Его отец и мать жили по-прежнему в гостинице, а студент оставался у себя на квартире, чтобы заниматься по утрам и вечерам. Каждый вечер он, тем не менее, обедал в гостинице и оставался там, пока отец не гнал его назад к книгам. Тщетно вымаливал он разрешение посидеть еще хоть часок. Доктор был неумолим.
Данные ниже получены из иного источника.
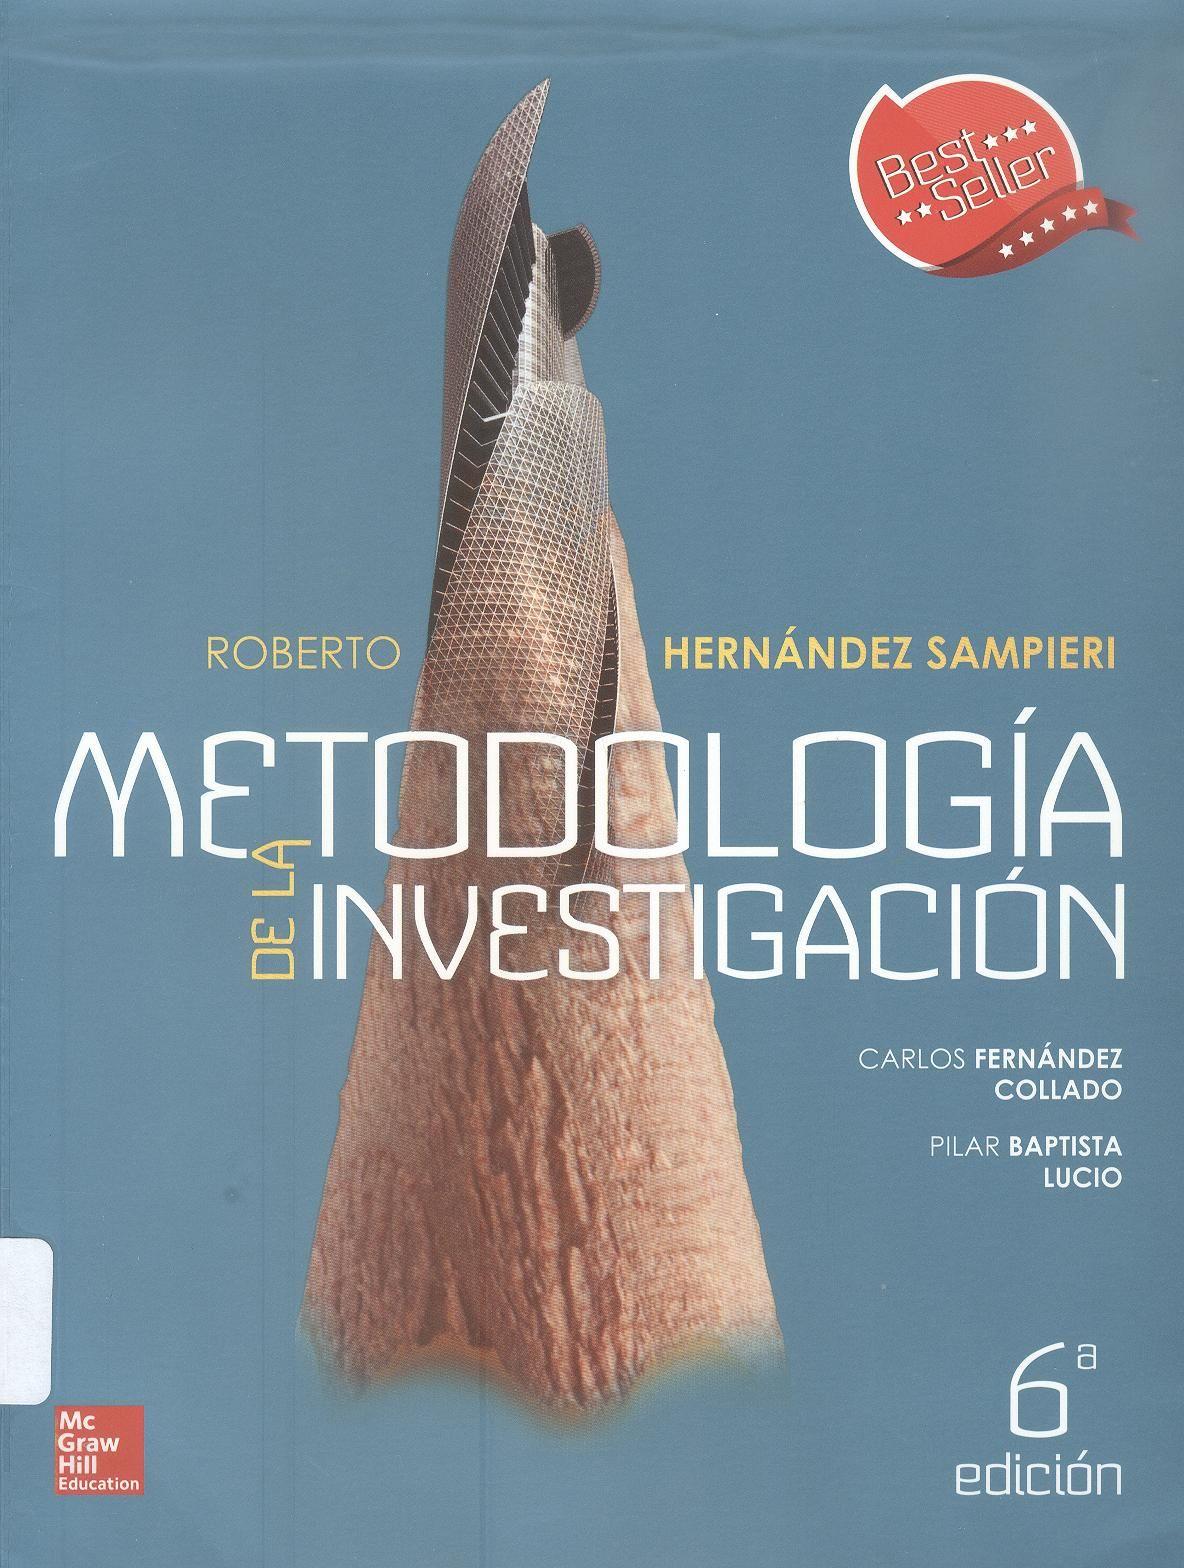 Hernández Sampieri, Roberto /Fernández Collado, Carlos /Baptista Lucio, Pilar. Metodología de la investigación 6ª ed. 3 ejemplares

Когда роковой час пробивал, несчастный юноша медленно брал шляпу, перчатки, трость, стараясь провозиться возможно дольше.
Впрочем, он скоро открыл, что в саду против гостиницы есть скамейка, с которой были видны окна той комнаты, в которой его семья обычно проводила вечер.
После обеда он, никем не замеченный, садился на эту скамейку и смотрел в окна гостиницы до тех пор, пока его родные не ложились спать. Случалось, что ему не удавалось видеть свою кузину. Тогда он, совершенно расстроенный, возвращался домой и полночи просиживал в кресле, проклиная судьбу и куря крепкий черный табак. Когда же счастье улыбалось ему и он видел в окне ее изящную фигуру, его возвращение домой бывало благодушно и радостно. Итак, в то время, когда доктор с нежностью представлял себе, как его сын трудится, углубляясь в тайны наук, тот находился в каких-нибудь шестидесяти ярдах от него и был занят совсем другими мыслями.
Кэт не могла не понять, что происходит с ее двоюродным братом. Несмотря на молодость, она тонким женским инстинктом поняла, что он влюблен в нее. Ей стало неловко, и, она, помимо воли, переменила свое отношение к нему.
Прежде она была с ним откровенна и проста. Теперь она стала замкнутой. Он быстро заметил эту перемену, приходил в отчаяние, сердился. Целые ночи напролет оплакивал он свою судьбу и жаловался подушке, что никогда еще во всемирной истории не было такого несчастья, да и не будет его никогда. Кроме того, он стал писать плохие стихи, которые были найдены его квартирной хозяйкой и прочитаны вслух всем соседям. Соседи были потрясены этими стихами и чрезвычайно их одобряли.
Том стал проявлять и другие симптомы своего внезапного недуга. До сих пор он никогда не обращал внимания на свою наружность и не любил франтить. У него были привычки богемы. Вдруг все переменилось. В одно прекрасное утро он посетил портного и сапожника, а, побывав в шляпном магазине, побывал и в бельевом. И все эти почтенные ремесленники и торговцы остались вполне довольны его посещением. Через неделю он был одет так пышно, что ошеломил свою хозяйку и изумил друзей. Приятели с трудом узнавали честную физиономию Тома, торчащую между модным пальто и лоснящейся шляпой.